Again, I ask the question: How do we unite America?

I am interested in only sincere responses, not more of the conservative-bashing or liberal-bashing jabs that tend to develop on these threads.


----------



## DeltaBoy (Mar 4, 2004)

Big Daddy,

Hope things are going well for ya! We can chat another time... I think a good way to uplift America would be to stop watching CNN. They show the same damn stuff over, over, and over again. I think it's a political scheme if you ask me. The best way to uplift things is to be informed about what's happening in/out of America. Talk to your community and state leaders about what is going on across America!


----------



## Bobm (Aug 26, 2003)

I think that getting the Federal government out of everything not specifically assigned to it in the Constitution would be a huge step. Let state and local governments handle welfare issues, school issues ect. The Federal government has become huge and the politicians that work there have no incentive to cut it back, the bigger it is the more power they wield.
This rift your noticing has developed hand in hand with the growth of the federal govenment. All of us liberal or Conservative speak like we are helpless when we talk about changing it.....the federal government is way to big, way to expensive, and at the heart of your question Big Daddy. In their reelection attempts, all the politicians continue to promise more and more "goodies" knowing full well the dirty little secret is someone has to pay for them. Its hurting our economy and creating a disincentive to work hard. We are creeping slowy toward socialism which has failed everywhere its been tried.


----------



## buckseye (Dec 8, 2003)

I say this every election....when a person spends millions of dollars to get a job that only returns them a couple hundred thousand legitimate dollars there is something real skunky about that.
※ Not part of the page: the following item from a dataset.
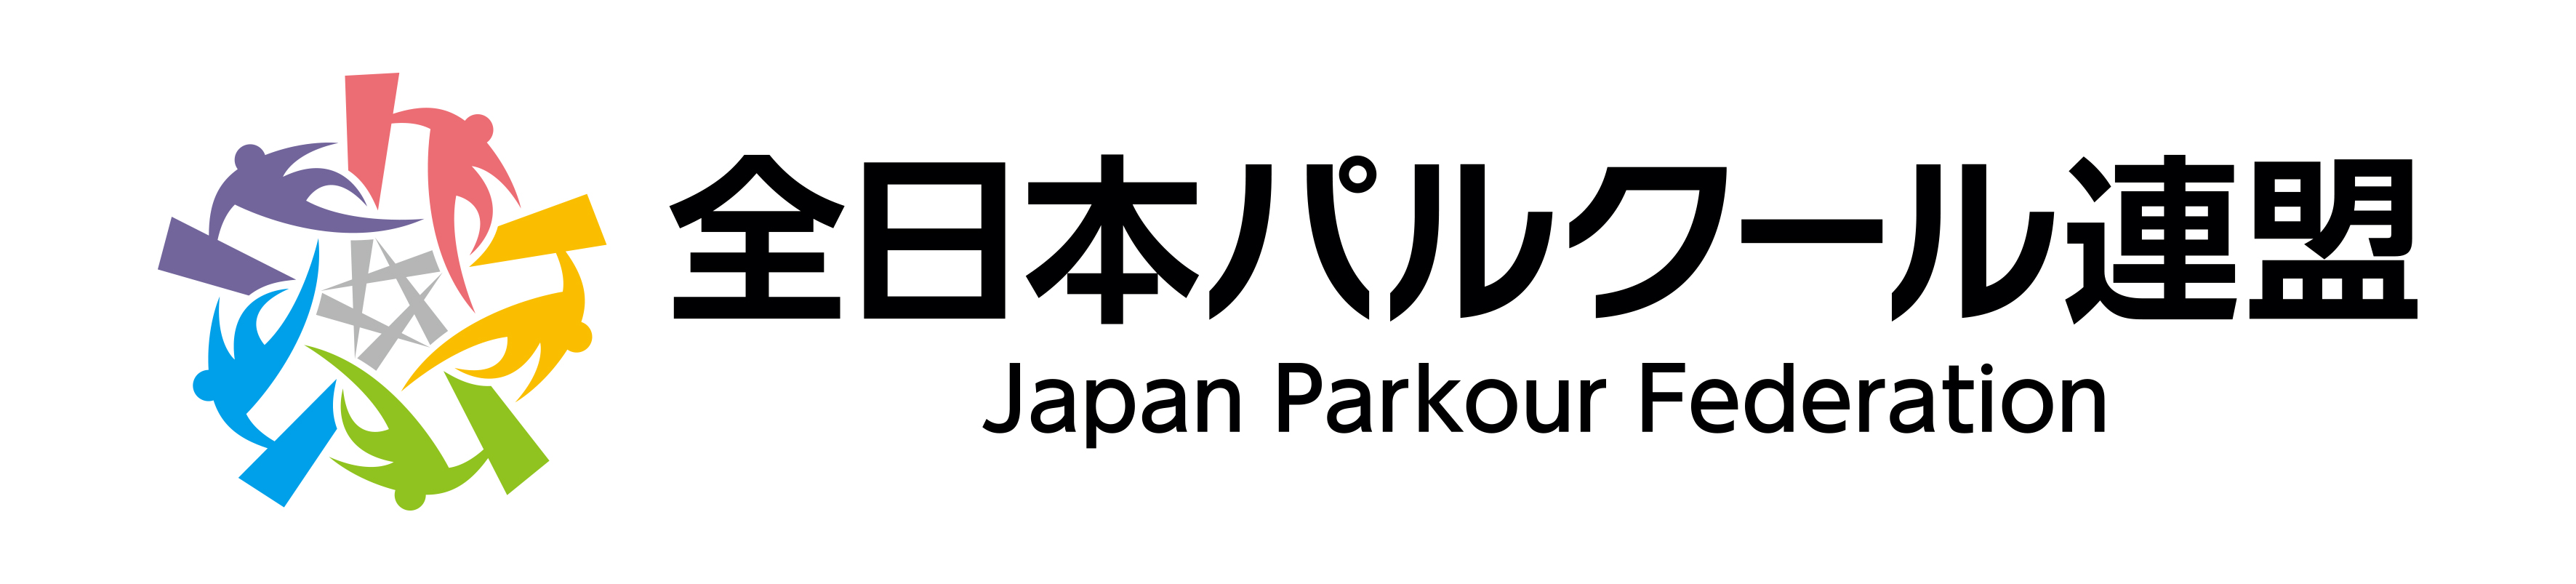 一般社団法人全日本パルクール連盟

Get rid of the uke: professional politicians and you will see a great difference.


----------



## gandergrinder (Mar 10, 2002)

From my perspective, I am in my mid 20's, I have to agree that we need less government and less government programs. There are so many people my age that abuse a government system so they don't have to work or can work and spend the money they make however they want. These are not people with legitimate problems these are people who can work and often do work but they also work the system.

We need to get away from ends justify the means politicians. I am tired of political mudslinging and republicans and democrats ripping on each other. As soon as I see politicians saying the "rebublican president" or the "democratic senator" is this or this or this I automatically think the person is an idiot. Why does everything have to be party lines. Are there any independent thinkers out there anymore in politics?

Political talk radio. What a joke. Rush is a turd, I would say I am a conservative, but this guy just goes way to far. If your a republican and you say your happy to have Rush represent your views than your a turd too. People like Ed Shultz go for ratings so what does that tell you.

The problem is not the media or the politicians the problem is the people don't have enought common sense to filter through the garbage and come to intelligent conclusions. People need to leave the emotion out of decisions, the media and politicians play to emotion to win viewers and get votes, but the important decisions need to be made by people who can check there emotion at the door.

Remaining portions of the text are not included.